Kane County, Utah, has just won another important victory in the ongoing dispute over control of roads across public lands. An en banc panel of the 10th Circuit Court of Appeals on Tuesday ruled in favor of Kane County and dealt a major blow to Utah wilderness groups fighting over who owns a handful of back roads in rural Kane County. Click here to read the actual decision.
The case arose from a Kane County ordinance that sought to assert the County’s authority over RS 2477 rights of way within the Grand Staircase-Escalante National Monument. The Court’s decision marks a welcome reversal in favor of Kane County.
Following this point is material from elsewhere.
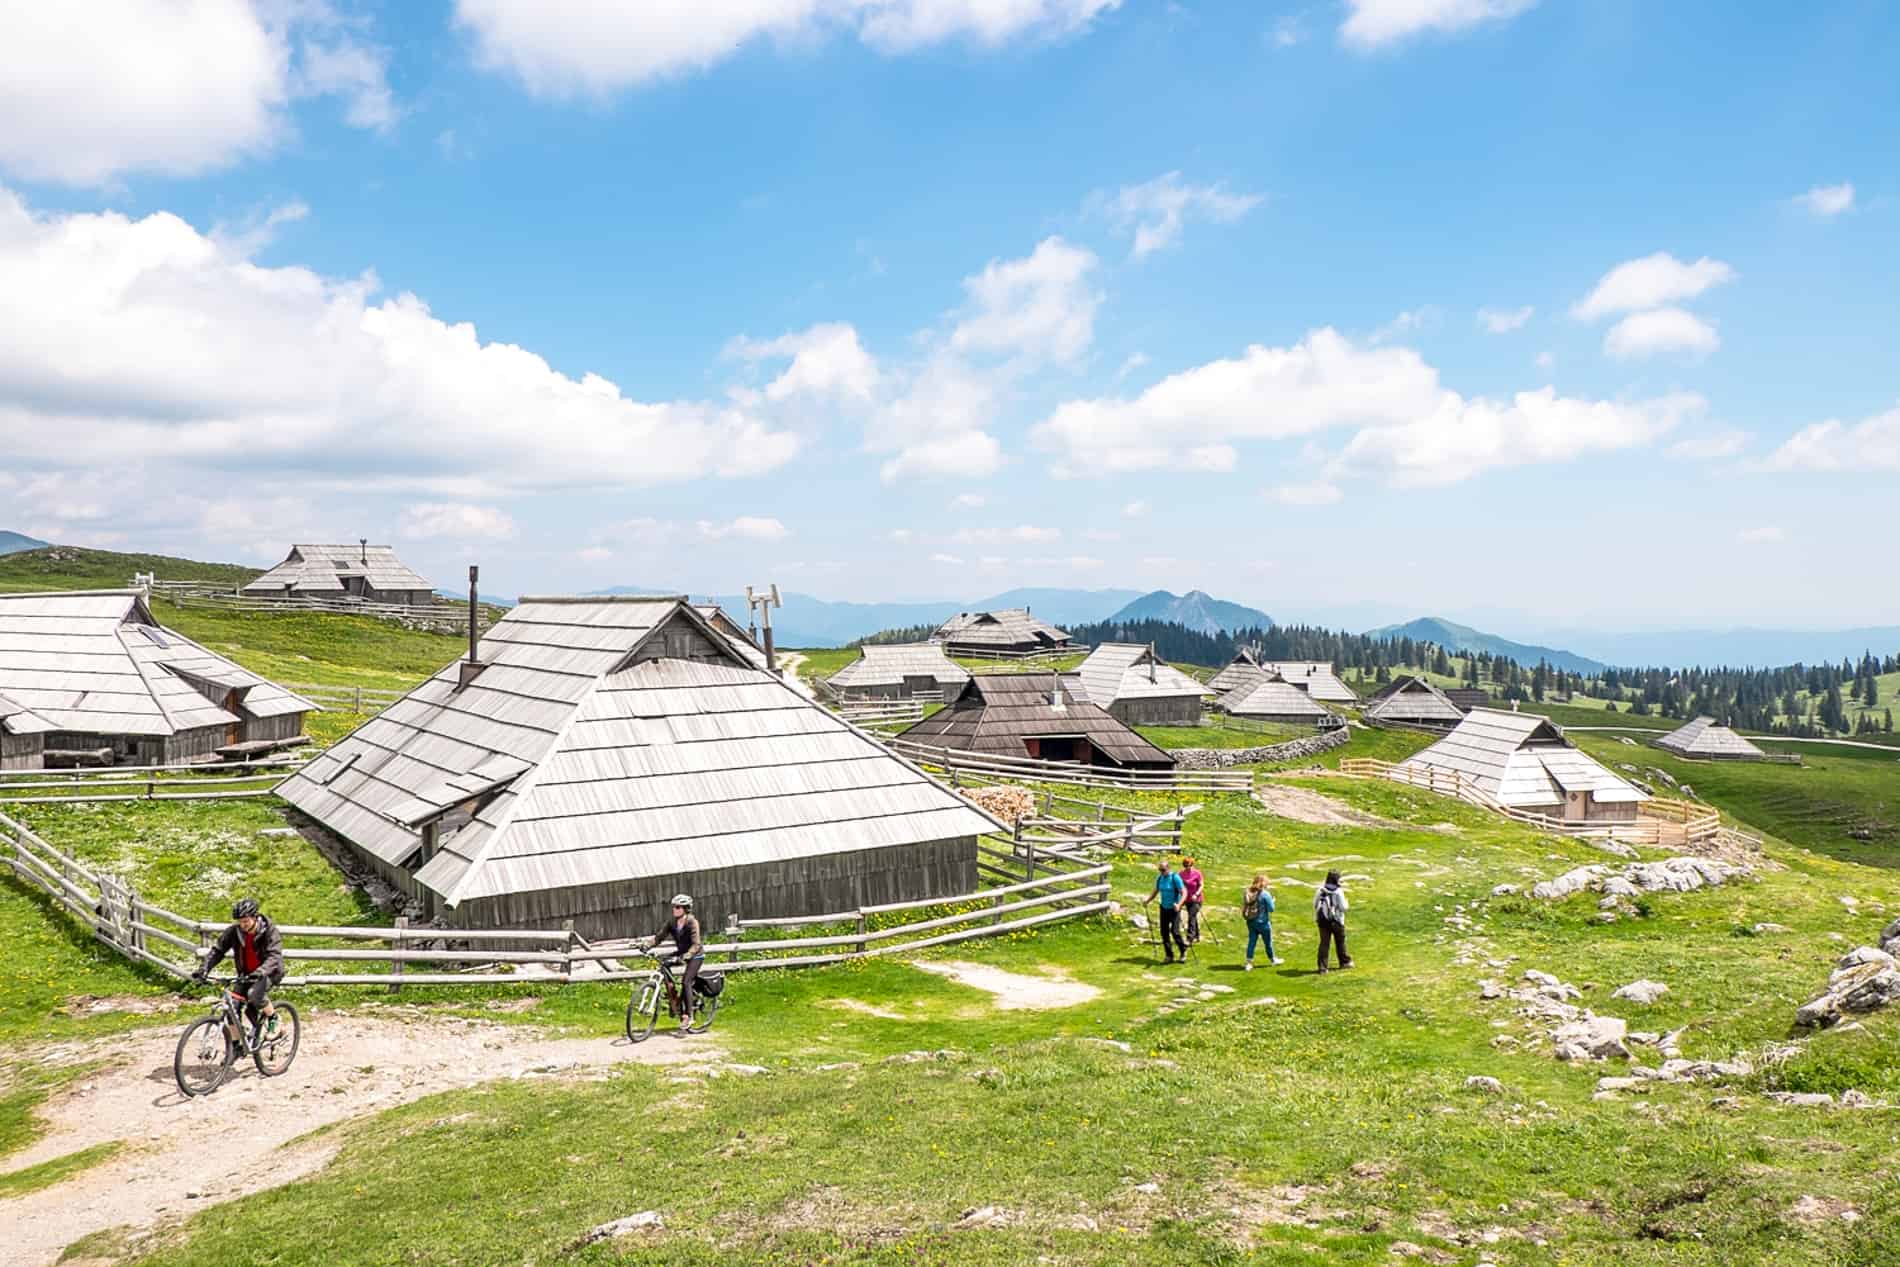 People visiting the unique silver triangular houses of the Velika Planina Shepherd Settlement in Slovenia.

Originally, the County requested that BLM remove closure signs on some of the asserted RS 2477 routes which the BLM had failed to designate as open for use. Essentially attempting to stand in the legal shoes of the United States, the Wilderness Society and Southern Utah Wilderness Alliance filed suit and, in spite of the County’s motion to dismiss, the preservationists won in the district court.
Upon appeal of the district court’s decision, a three-judge panel of the 10th Circuit Court affirmed the district court’s decision, but also voted to rehear the case en banc or full bench. In the en banc hearing, the majority decision remarkably reverses the district court’s decision and directs the district court to dismiss their case. The decision, which turns on technical legal questions involving “prudential standing,” was joined by six of the eleven judges, with three judges concurring in the result. The remaining two judges vigorously dissented, claiming the decision “grants , and every other state and local government in the circuit… a green light to flout federal law.”
The decision addresses many RS 2477 issues and other procedural matters that may have broader implications in public lands litigation.